After a few posts, Googler John Mueller chimed in and gave me a few tips for getting images indexed in Google Images, pointed me to some other posts on the topic, and suggested that I opt-in to “enhanced image search” in Google Webmaster Tools. I was pretty sure that I had done most of what he suggested, but went back through the images to make sure, tweaked a couple, read the blog posts he suggested, and added the “enhanced image search” (which allows people to label, or tag, your images in Google Images, from what I understand) to the Smackdown profile in Google Webmaster Tools. After about a month, still no love from Google as far as indexing the images (or anything else in that directory, for that matter). In fact, from what I can tell, Googlebot has not even looked in that directory this month. So, I posted an update.

John replied with the following:

So I took your post as an excuse to take a better look at your site 🙂 and found a few things which I’d like to share with you. In particular regarding your /images/ subdirectory I noticed that there are some things which could be somewhat problematic. These are just two examples:

– You appear have copies of other people’s sites, eg /images/viewgcache-getafreelinkfromwired.htm
– You appear to have copies of search results in an indexable way, eg /images/viewgcache-bortlebotts.htm

I’m not sure why you would have content like that hosted on your site in an indexable way, perhaps it was just accidentally placed there or meant to be blocked from indexing. I trust you wouldn’t do that on purpose, right? – John Mueller

When you do a search on Google, next to the results in most cases you will see a “Cached” link. When you click on it, you see a snapshot of the page as it was in the past, when Google crawled it. Since webpages are subject to change, this cached copy can help to explain why a certain page is showing up in the search results, even if the content doesn’t match what you searched for when you visit the page on that day. Google explains the cached contents as such:

Google takes a snapshot of each page examined as it crawls the web and caches these as a back-up in case the original page is unavailable.
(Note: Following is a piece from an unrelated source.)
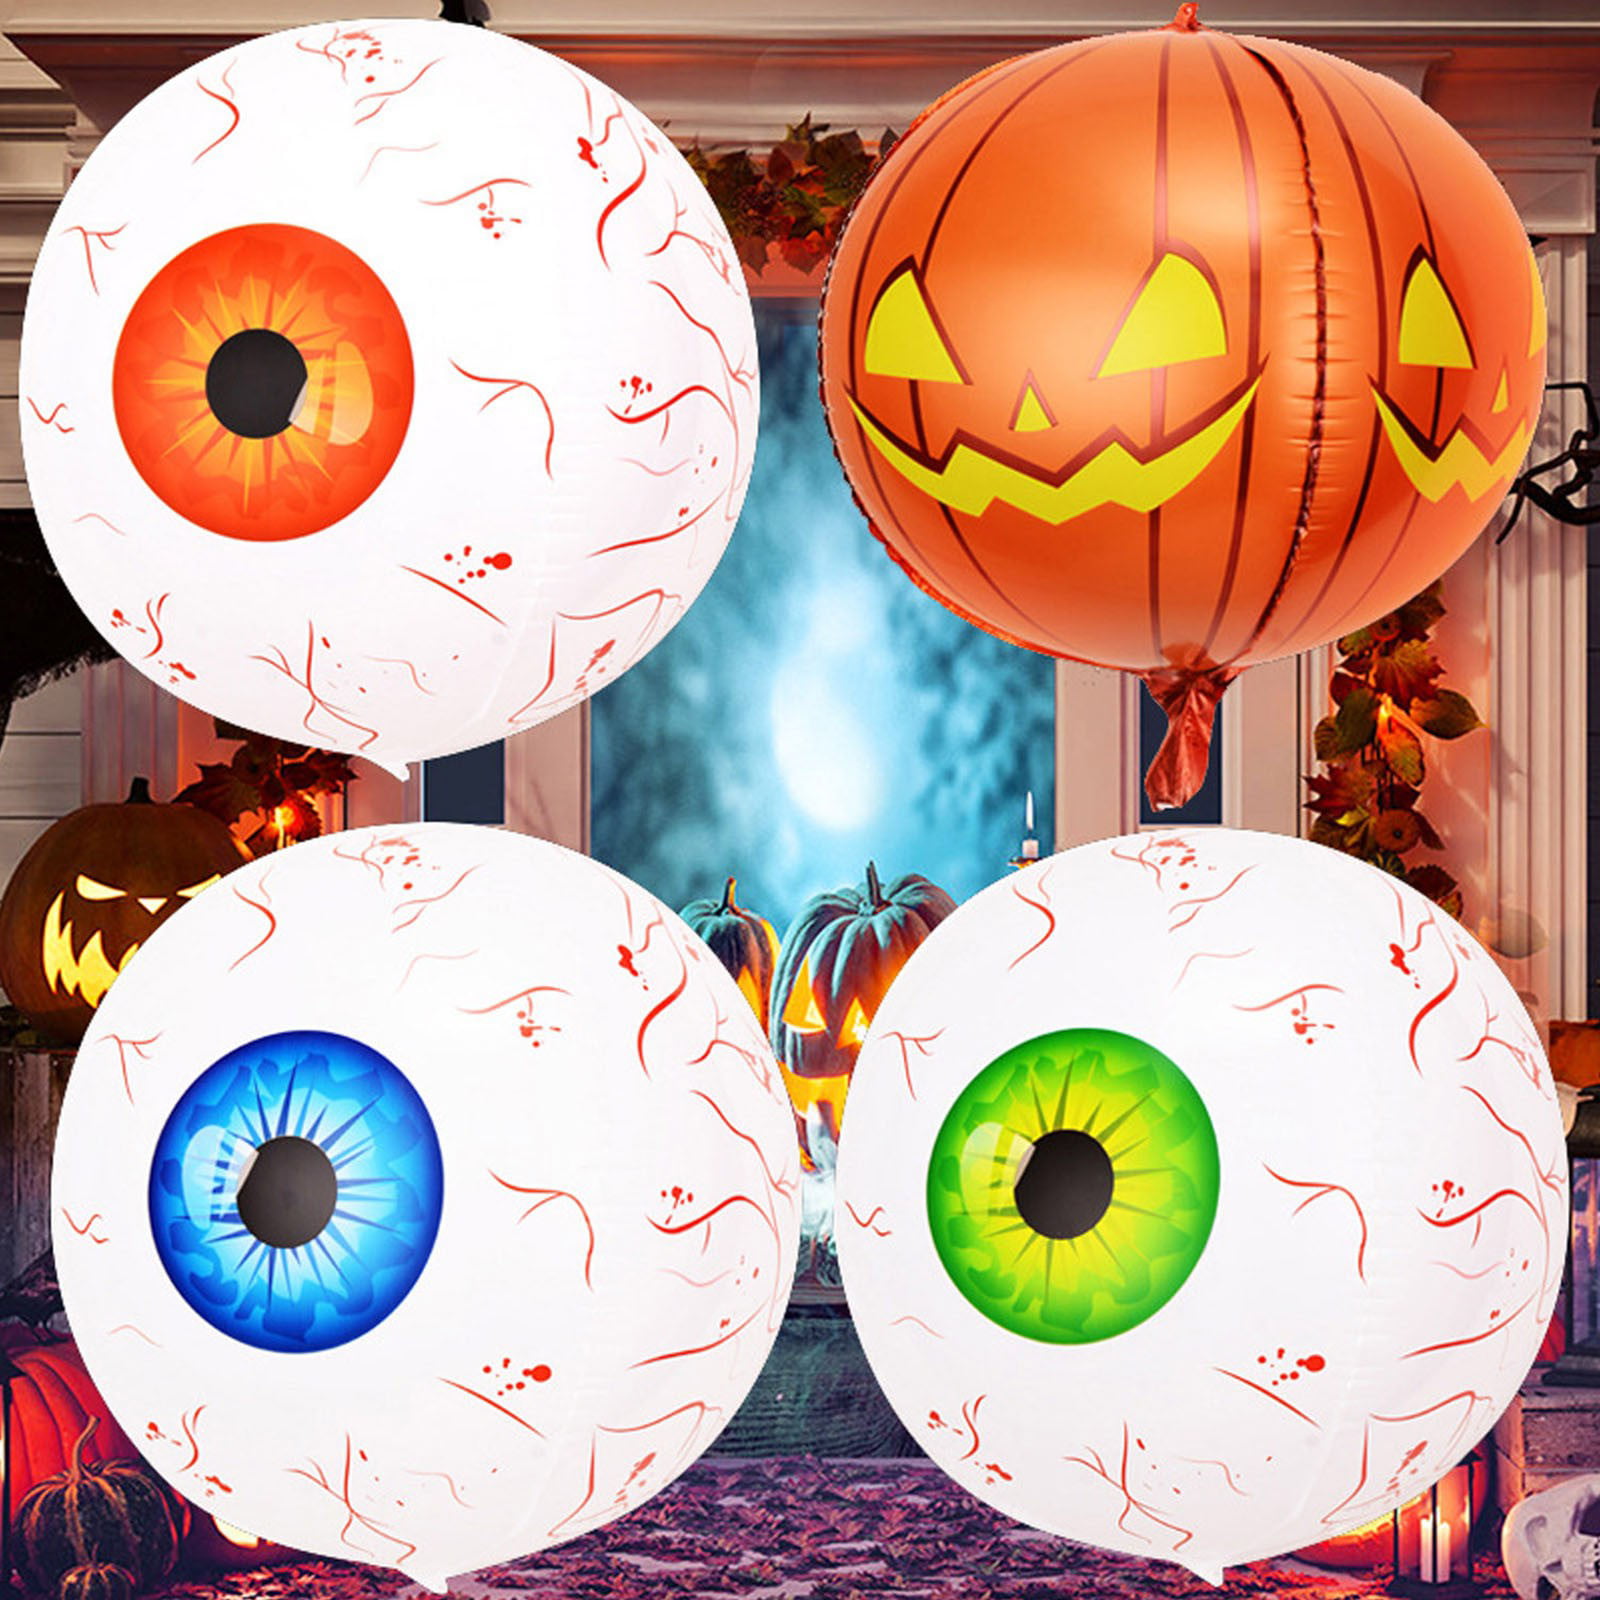 How to Make Halloween Eyeball Treats - YouTube
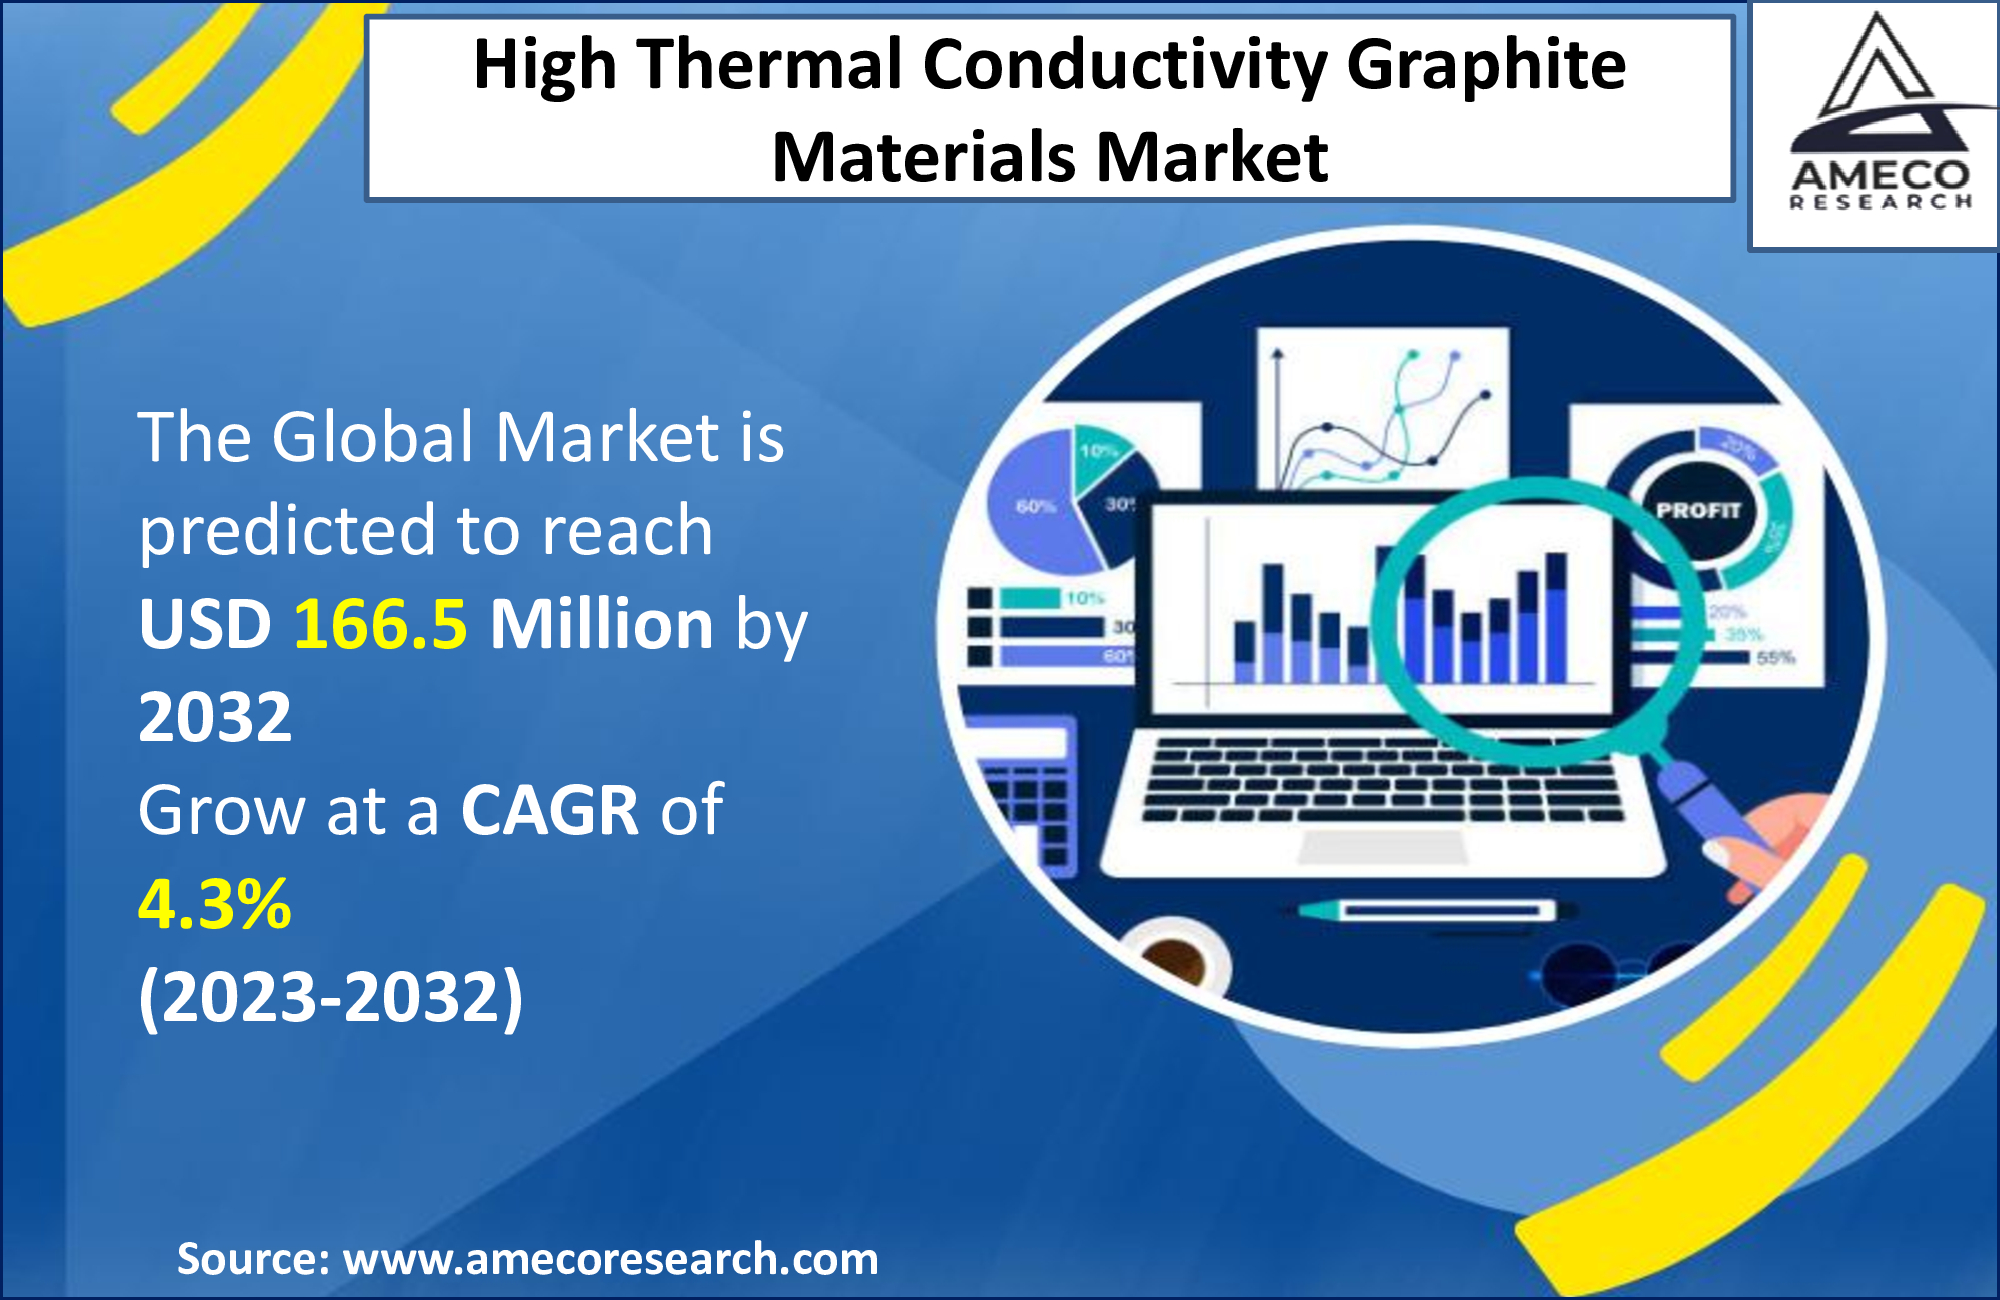 High Thermal Conductivity Graphite Materials Market

The content in question on Smackdown was most definitely placed there on purpose. They are not “copies of other people’s sites”. The pages in question are cached copies of webpages or search results that relate back to the discussion on hand in each and every case. They are relevant support files to back up and demonstrate what I am talking about at the time I make my post, because I know the content I am talking about won’t be the same later.

Some of my posts discuss Google’s search results, and as such a few of them contain cached copies of searches. John hints in that post that I am in violation of Google Webmaster Guidelines by doing this:

At any rate, I’m sure you’re aware that this kind of content is not something that we would like to include in our index and which is also mentioned in our Webmaster Guidelines. – John Mueller

I went through the guidelines carefully, but for the life of me could not figure out what John was referring to. That is, until this morning, when I went though them again, and realized that the only thing he could be talking about was this like:

  • Use robots.txt to prevent crawling of search results pages or other auto-generated pages that don’t add much value for users coming from search engines.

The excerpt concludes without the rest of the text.